DIRECTIONS - As the answer, return precisely the lines from the one containing "jansport backpack galaxy print" to the final line of the material below, inclusive, and omit every picture.

SOURCE MATERIAL -
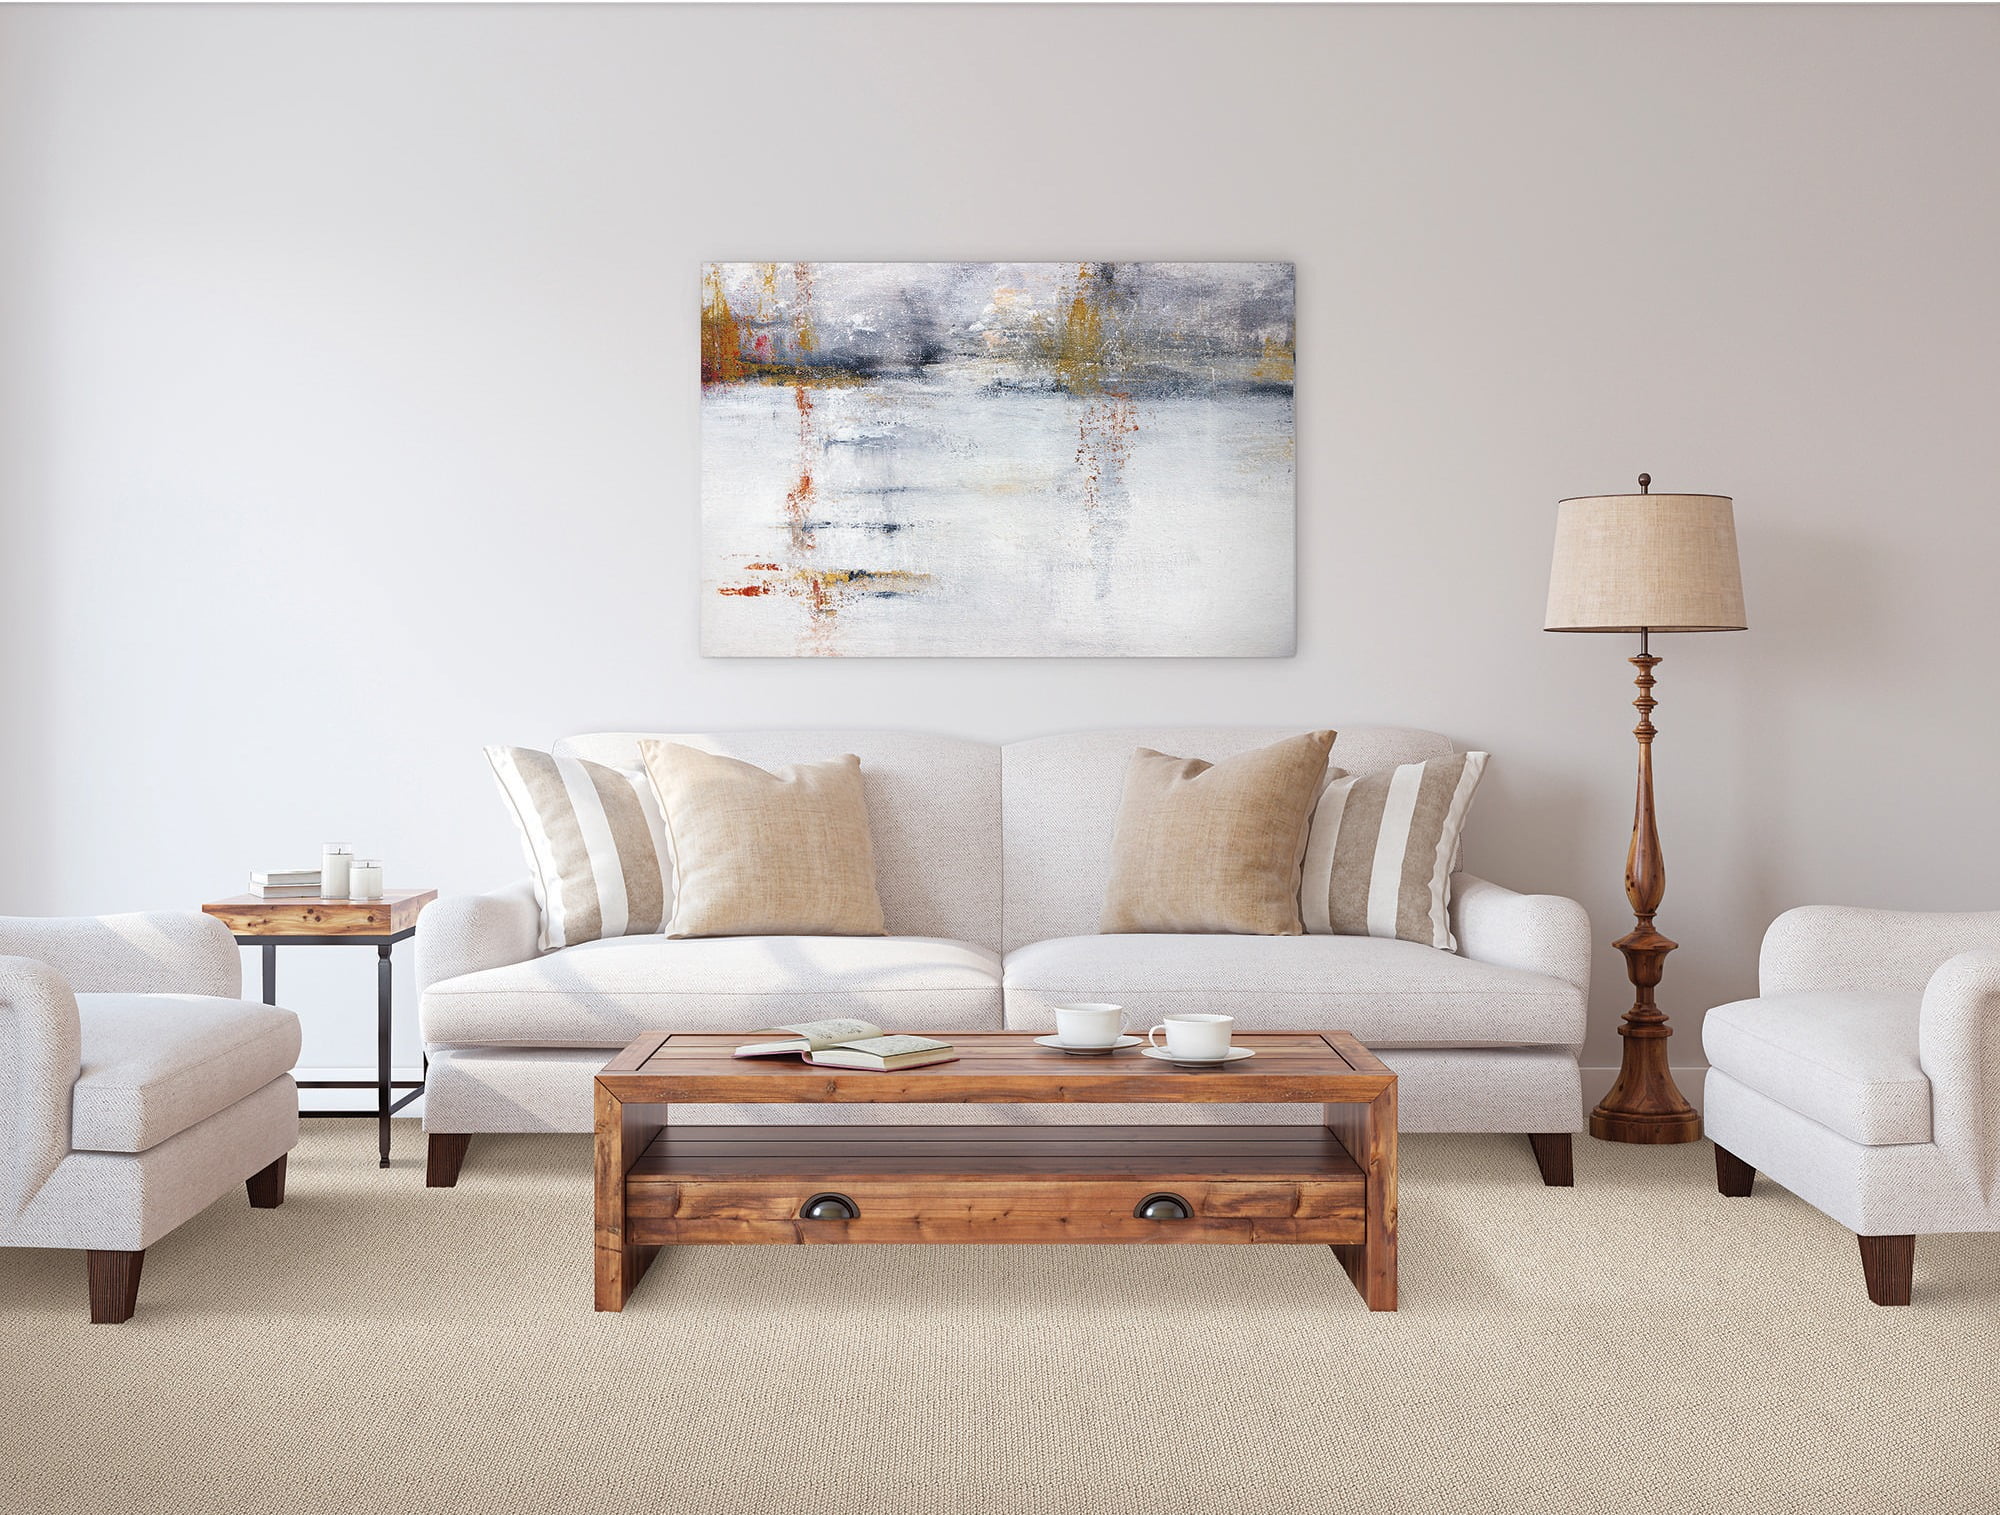 Interior design, Furniture, Table, White, Wood, Rectangle, Comfort, Lighting, Grey, Floor
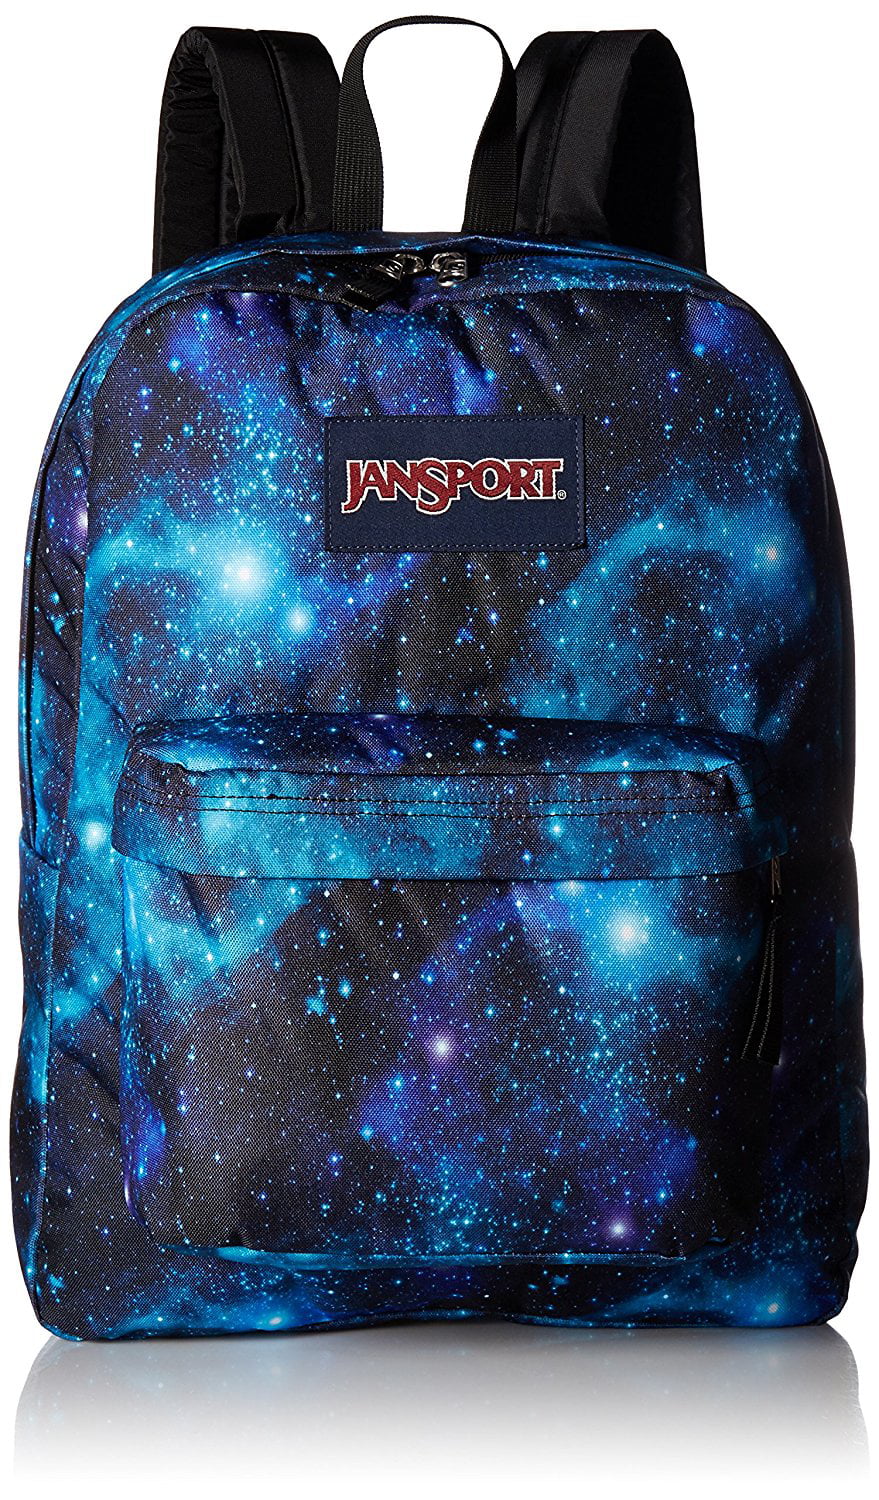 jansport backpack galaxy print
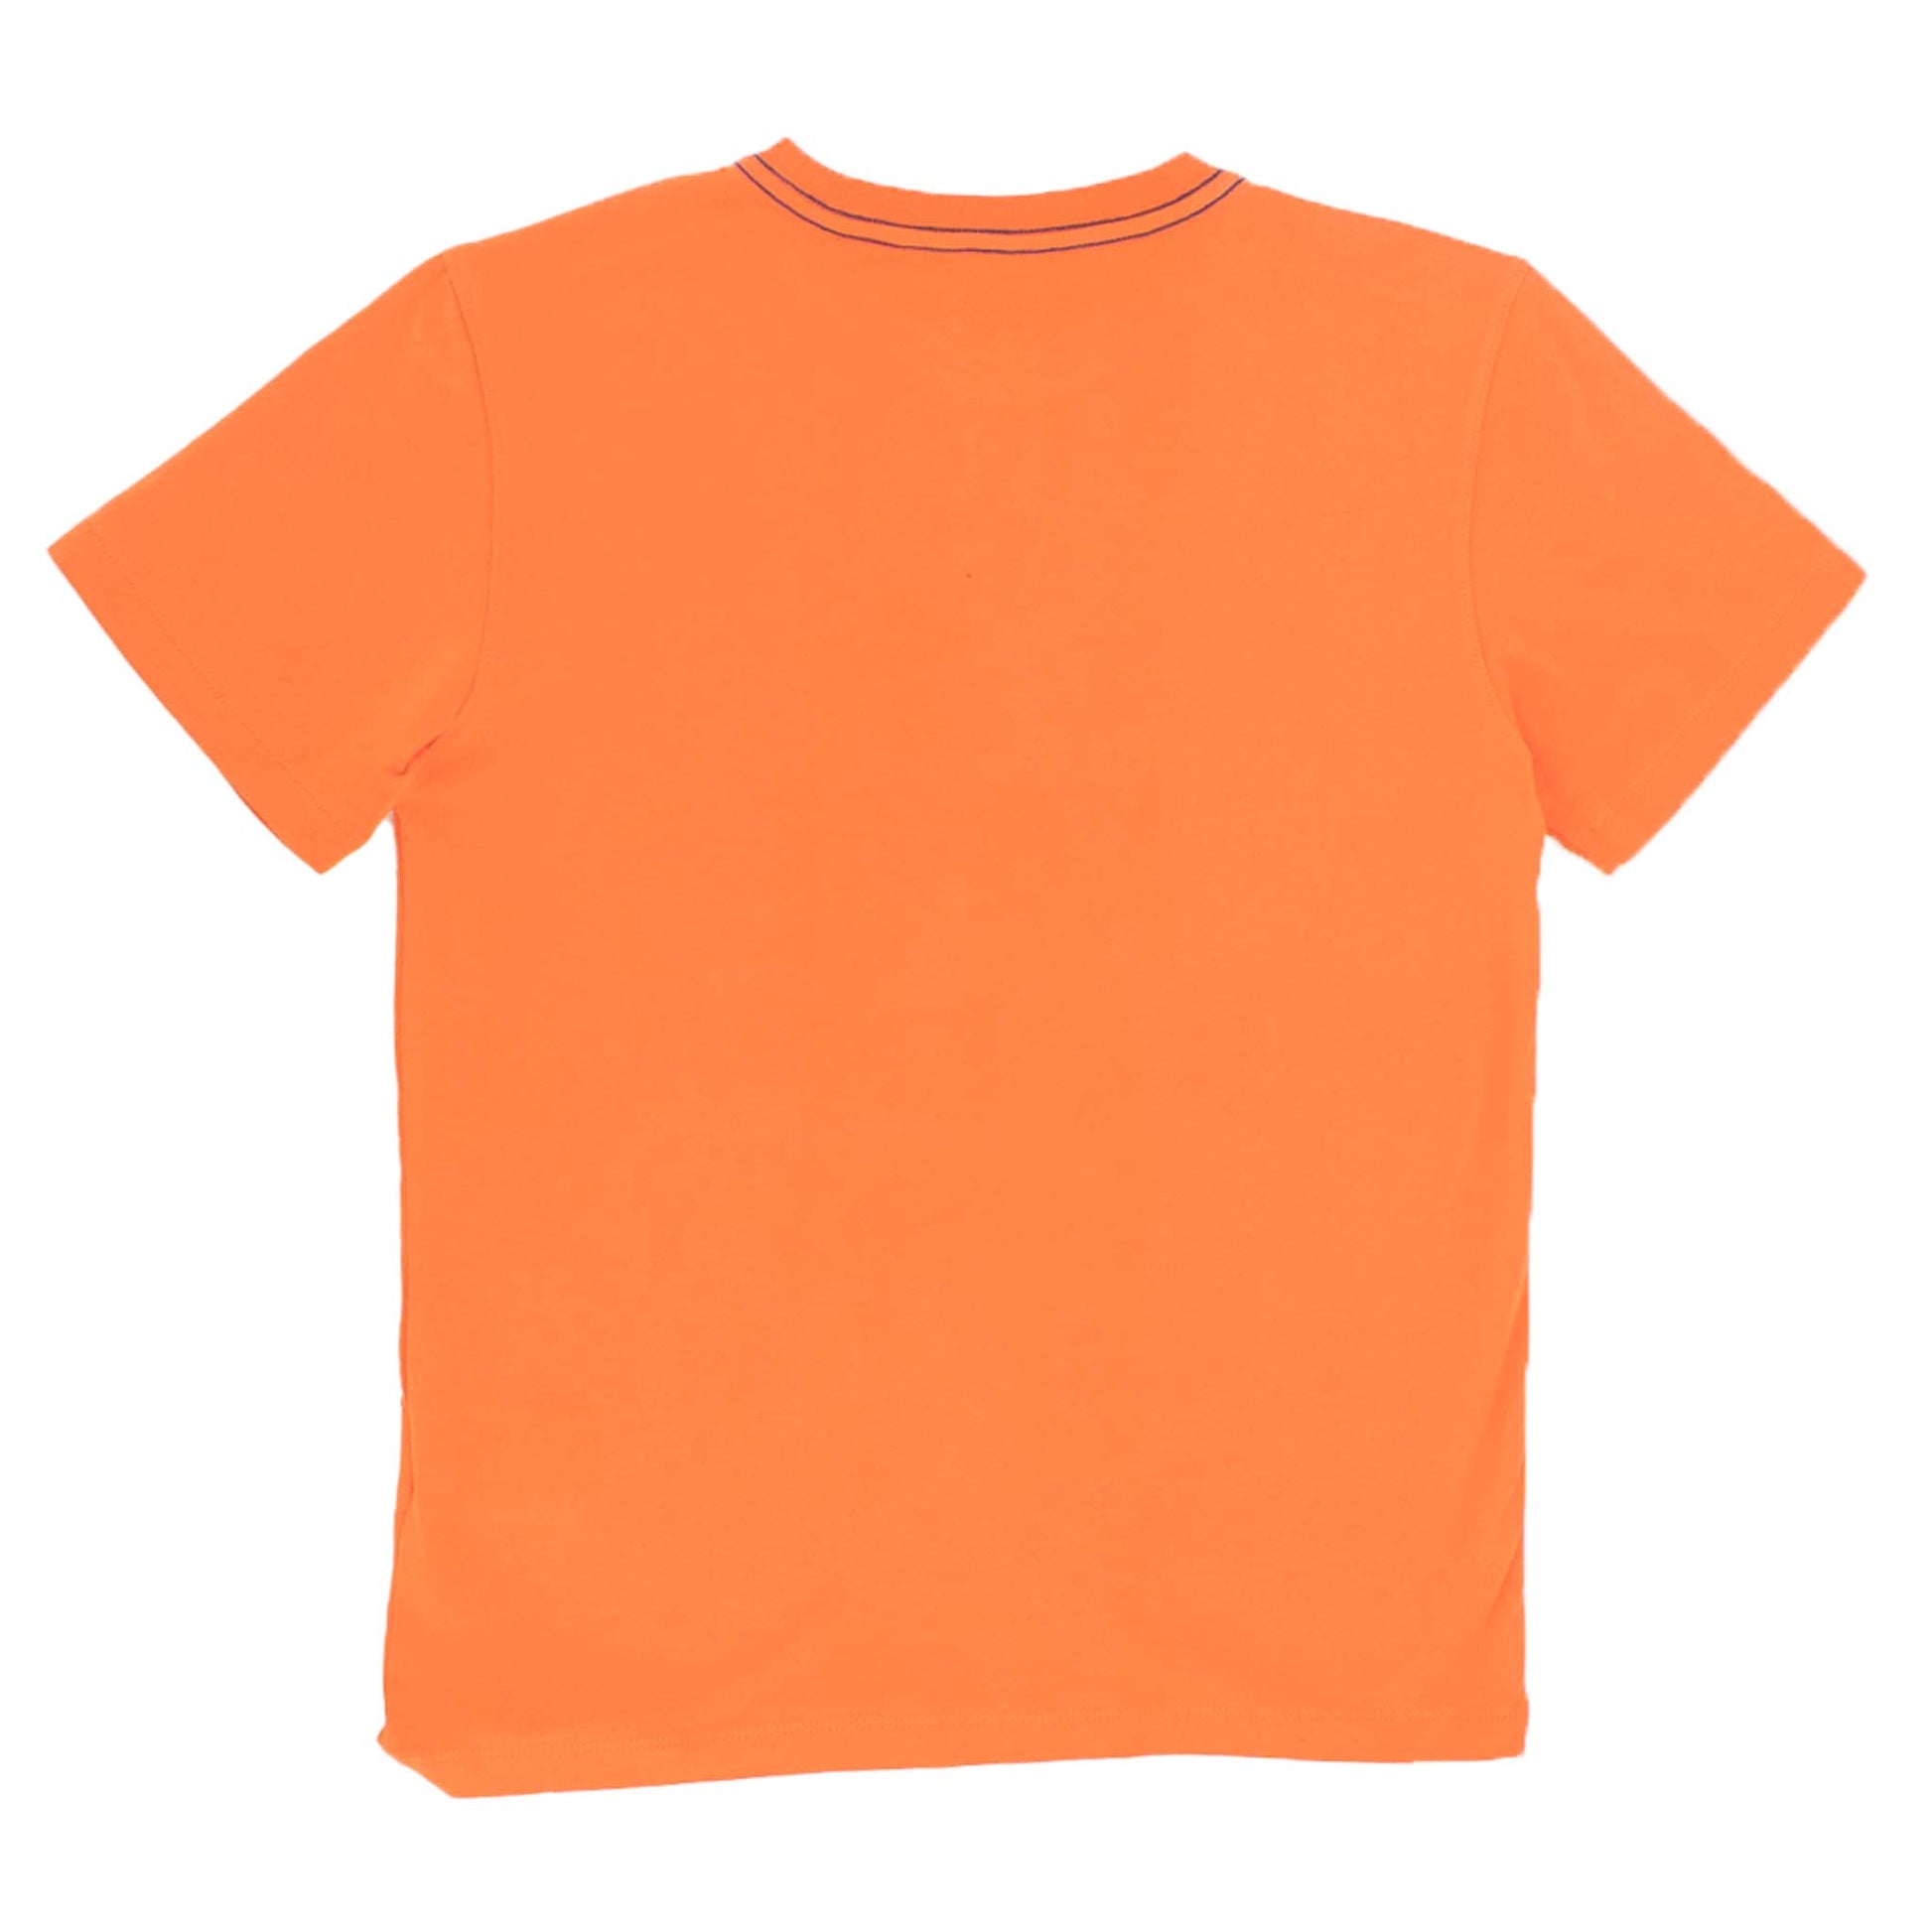 Jack Wolfskin Wilderness Tee T-Shirt Kinder Shirt Baumwolle 1605731-3122-2

RESPONSE AREA -
 jansport backpack galaxy print
 Jack Wolfskin Wilderness Tee T-Shirt Kinder Shirt Baumwolle 1605731-3122-2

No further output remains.